In March of this year, 2001, in which it is proven that we are all very
smart monkeys indeed, I received my monthly mortgage statement and noticed
in the bottom IMPORTANT MESSAGES section:

    YOUR MORTGAGE INFORMATION IS NOW AVAILABLE ONLINE!  [Note, feel
    dreadful sort of arousal here, like anticipation of being screwed]
    JUST FOLLOW THESE STEPS: 1. GO TO WWW.xyz.COM [Censored]  2. CLICK
    ON "MY HOME LOAN ACCOUNT"  3. ENTER YOUR ACCOUNT NUMBER  4. ENTER
    YOUR PASSWORD (YOUR STATE ABBREVIATION & THE LAST 4 DIGITS OF THE
    PRIMARY BORROWER'S SOCIAL SECURITY NUMBER, EXAMPLE NY1234).

On this same piece of paper are my account number and state abbreviation.

Yet ``it's unlikely and unusual for someone who has your Social Security
number to be able to do anything with it.  Normally, financial institutions
require additional information.''

"Unlikely", "unusual".  Pretty squirmy.  And that additional information
sure was hard to come by.

BTW, my mortgage holder is a colossus whom everyone has heard of.  Large
body does not equal large brain when it comes to corporations-- the area
of the pyramid's tip remains constant (and small!).


Re: Serious new California drivers license ID risk (Cornell, R-21.29)

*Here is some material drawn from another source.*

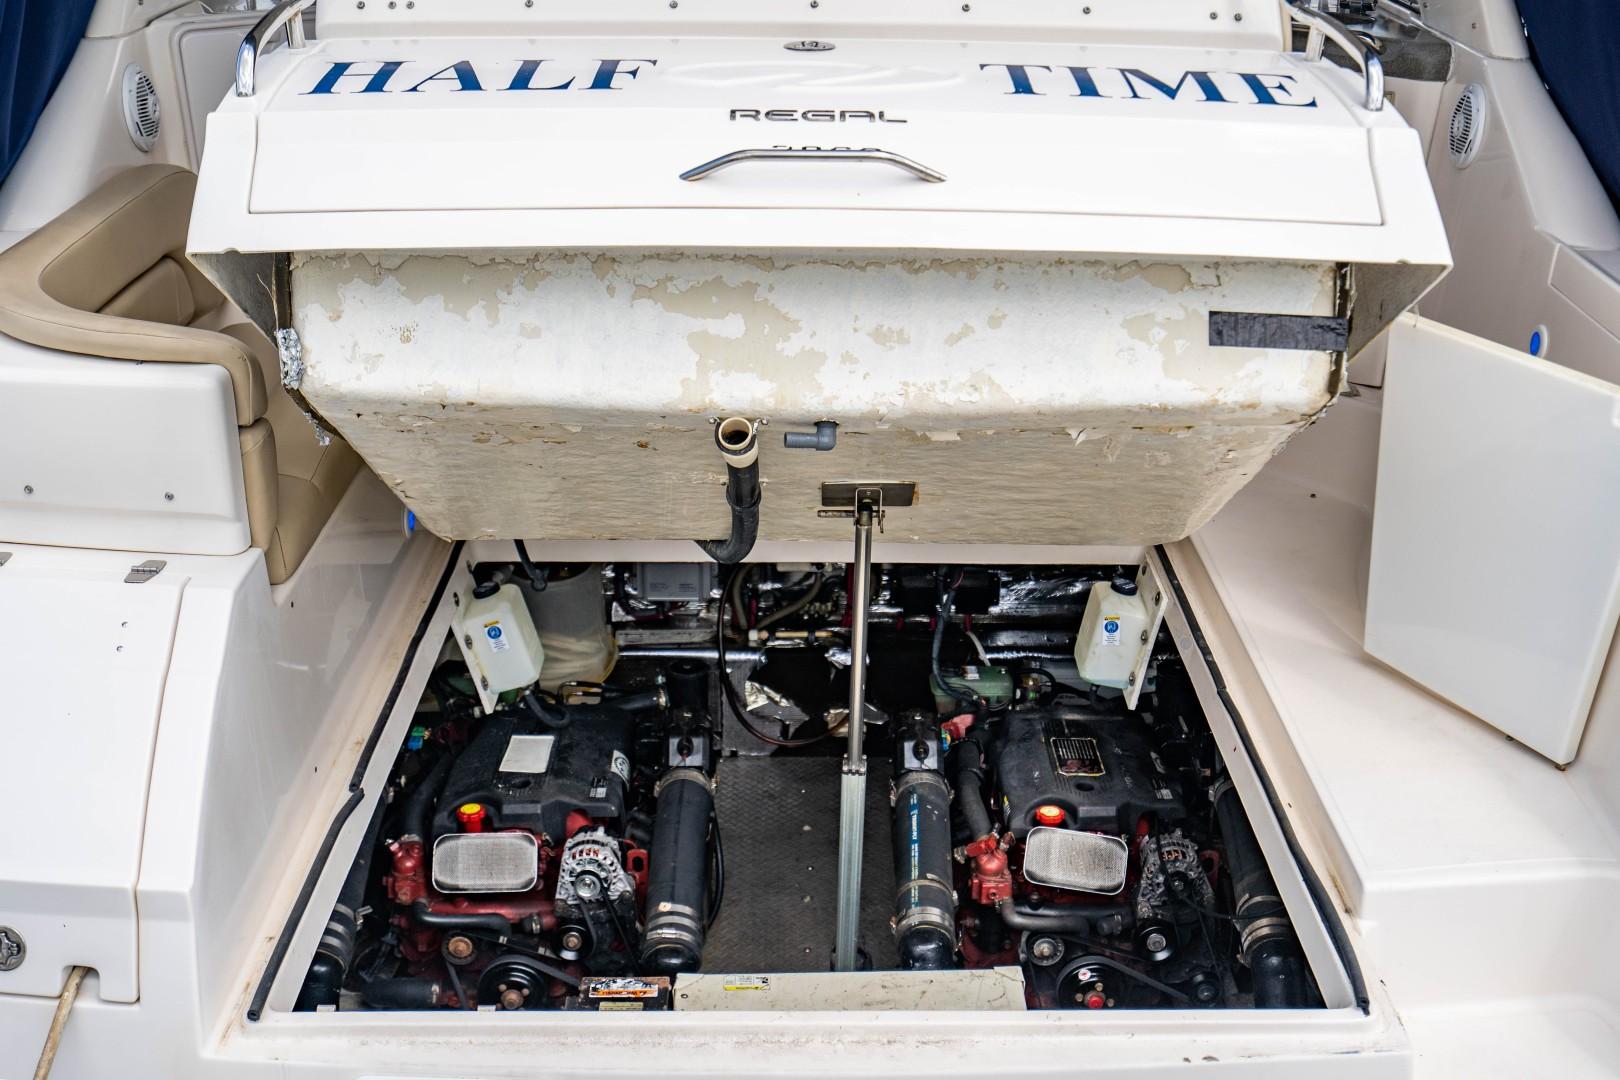 Regal 38 - Half Time - Engine Access

<Tom Goltz <tgoltz@QuietSoftware.com>>
Sun, 25 Mar 2001 20:48:30 -0500

  [From Dave Farber's IP distribution]

Ironically, the fake doesn't even have to be very good.
A couple of facts that you may find interesting:

I am white.  I have held a California driver's license in the past, but
that license has been inactive for over two years since I established
residency in another state.

In October of last year, a black male obtained a fake California driver's
license with my name on it and his picture.  The driver's license ID # he
used belongs to a white female.  The address is a Commercial Mail
Receiving Agency in Costa Mesa CA, which the state doesn't normally
allow.  The fake also contained two spelling errors.

This person used this ID and my social security number to open a dozen
different credit accounts in my name at various locations around the Los
Angeles area.  He was using a cell phone with a phone number based in the
603 area code as his residence phone.

If anyone had bothered to look, just about everything about this guy
screamed fraud, yet he managed to steal $15,000 worth of merchandise
(mostly jewelry).

Out of all these people who were supposed to be checking this information,
only TWO found problems.  One was a used car dealer who became suspicious
when the check this guy gave for the down payment proved to be
bogus.  They refused to give the guy the car, but didn't bother to pursue
the matter with the police.  The other was store security at a Costco in
Las Vegas, who tracked me down in New Hampshire and informed me that I had
a problem.  They detained the man, and turned him over to the police.

Sadly, the most he's going do is a couple of years probation - he didn't
actually steal anything in Las Vegas, and the identity theft, although a
crime in NV is not sufficient to assure jail time by itself.  I discussed
the matter of extraditing the varmint to California with Las Vegas police,
but they told me that it was unlikely that California would bother for
something that would only net the offender probation there as
well.  According to the LV police detective, in California, you have to be
charged with stealing over $50,000 before you'll do any jail time.

It's no wonder this crime is exploding...it's low risk, extremely
profitable, and trivial to implement.

Oh yes...how did he get my name and social security number?  He told the
Las Vegas police that he purchased the information on the street for $500.

Tom Goltz, Software Engineering Services  (603) 594-9922


Re: Serious new California drivers license ID risk (Cornell, R-21.29)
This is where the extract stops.